Ecosyste.ms: Awesome
An open API service indexing awesome lists of open source software.
https://github.com/cloudprivacylabs/json2rdf
Layered schema approach for converting JSON data into RDF
https://github.com/cloudprivacylabs/json2rdf
go golang json json-schema jsonld rdf
Last synced: about 1 month ago
JSON representation
Layered schema approach for converting JSON data into RDF
- Host: GitHub
- URL: https://github.com/cloudprivacylabs/json2rdf
- Owner: cloudprivacylabs
- License: apache-2.0
- Created: 2023-06-22T04:49:41.000Z (over 1 year ago)
- Default Branch: main
- Last Pushed: 2023-07-26T15:24:55.000Z (over 1 year ago)
- Last Synced: 2024-06-21T19:56:54.333Z (6 months ago)
- Topics: go, golang, json, json-schema, jsonld, rdf
- Language: Go
- Homepage:
- Size: 990 KB
- Stars: 5
- Watchers: 1
- Forks: 0
- Open Issues: 0
-
Metadata Files:
- Readme: README.md
- License: LICENSE
Awesome Lists containing this project
README
# json2rdf - JSON-LD vs. Layered Schemas
Layered JSON schemas can be used instead of JSON-LD to translate JSON
documents to knowledge graphs (and thus, to RDF). This is a
proof-of-concept showing how that's done.

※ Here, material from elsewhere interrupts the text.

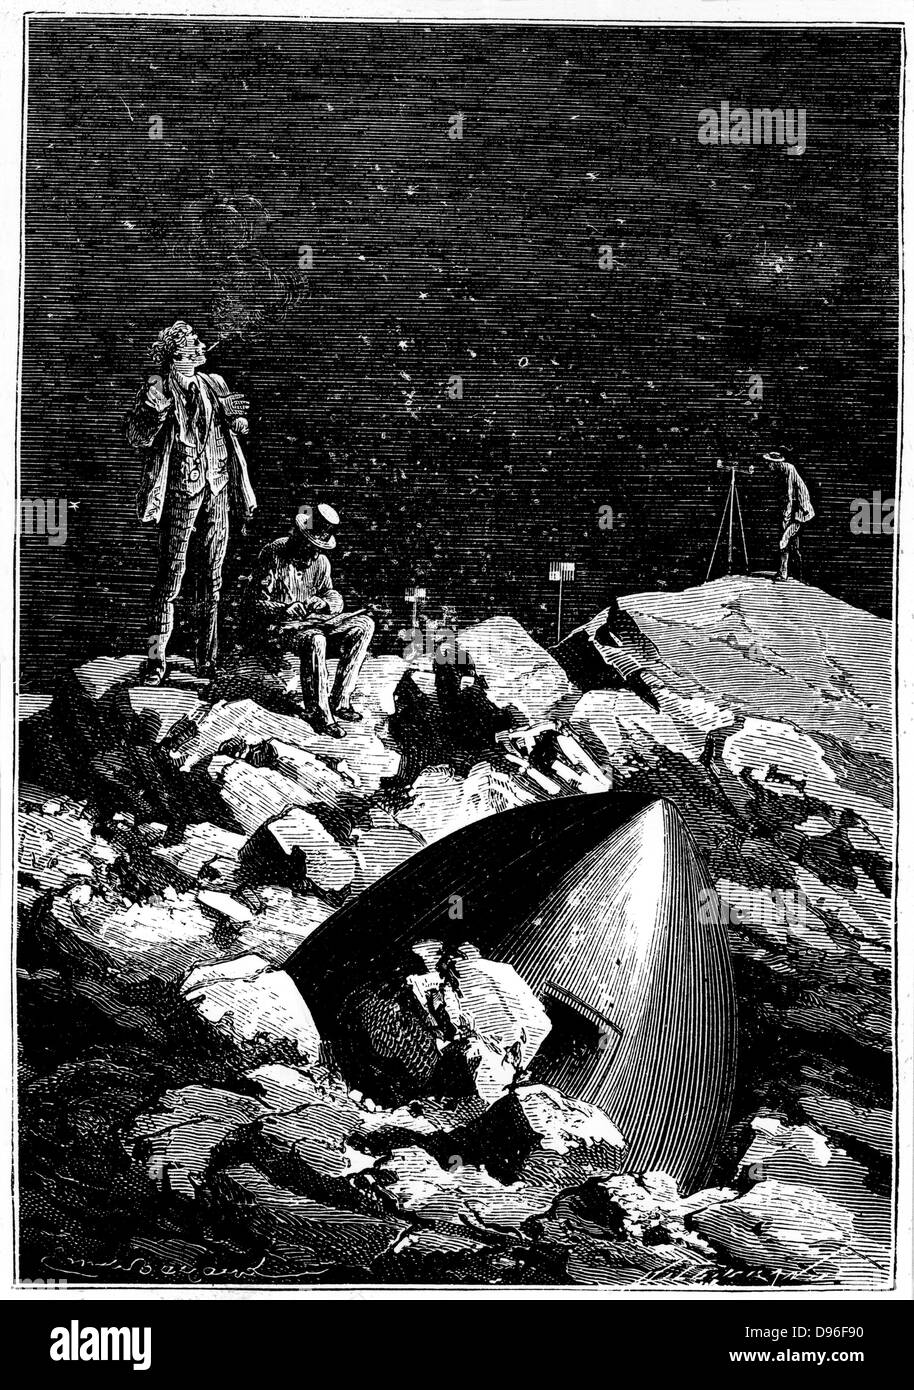 Die Astronauten, die Vermessung des Mondes. Von Jules Verne "Autour De La Lune", Paris, 1865. Holzstich. Stockfoto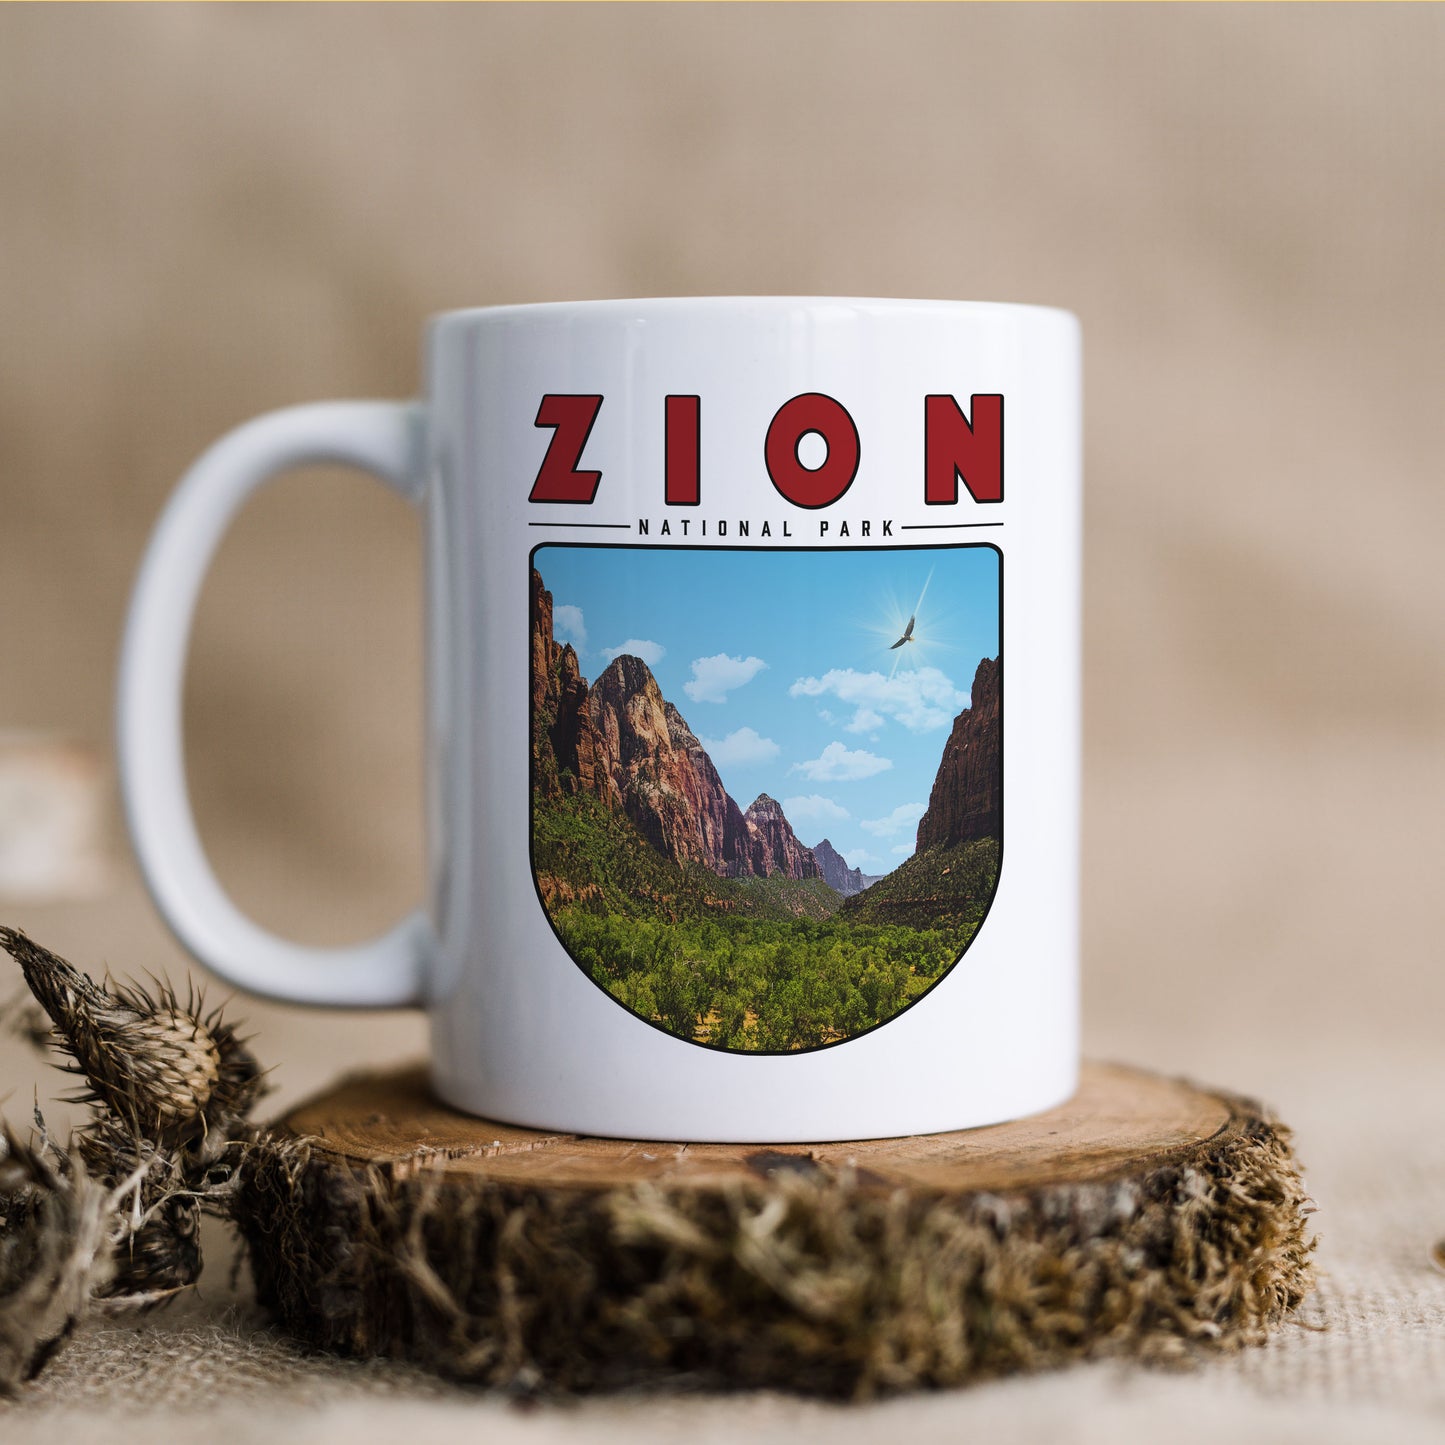 Zion National Park - Ceramic Mug

JSON-LD is a format for encoding linked data. It allows mapping of
JSON properties to a web ontology to enable interoperability between
differents systems. JSON-LD also offers a JSON-based encoding of
knowledge graphs. A JSON-LD document can be translated into RDF and
vice-versa.
A layered JSON schema is simply a JSON schema with additional overlays
that annotate the schema. This annotated schema (the "schema variant")
is used to ingest a JSON document. The added annotations encode the
necessary terminology mappings and graph-shaping instructions to build
a knowledge graph, and thus, RDF.
There are several advantages of using layered JSON schemas: JSON
schemas are widely available in the industry to specify data
standards. They describe valid JSON documents expected by data
exchange partners or API users in a machine-readable manner so they
can be used to validate JSON documents or to generate code for
different languages.
## Layered Schema Architecture (LSA)
The LSA tools are available
[here](https://github.com/cloudprivacylabs/lsa). Here's an overview
of the idea:
A **schema variant** is composed of a schema that defines data
structures, and zero or more overlays (hence the name "layered
schemas") that annotate the schema with semantic information and
metadata. These annotations adjust and enrich the schema by adding or
removing constraints, metadata, processing information such as
pointers to normalization tables, or mappings to an ontology.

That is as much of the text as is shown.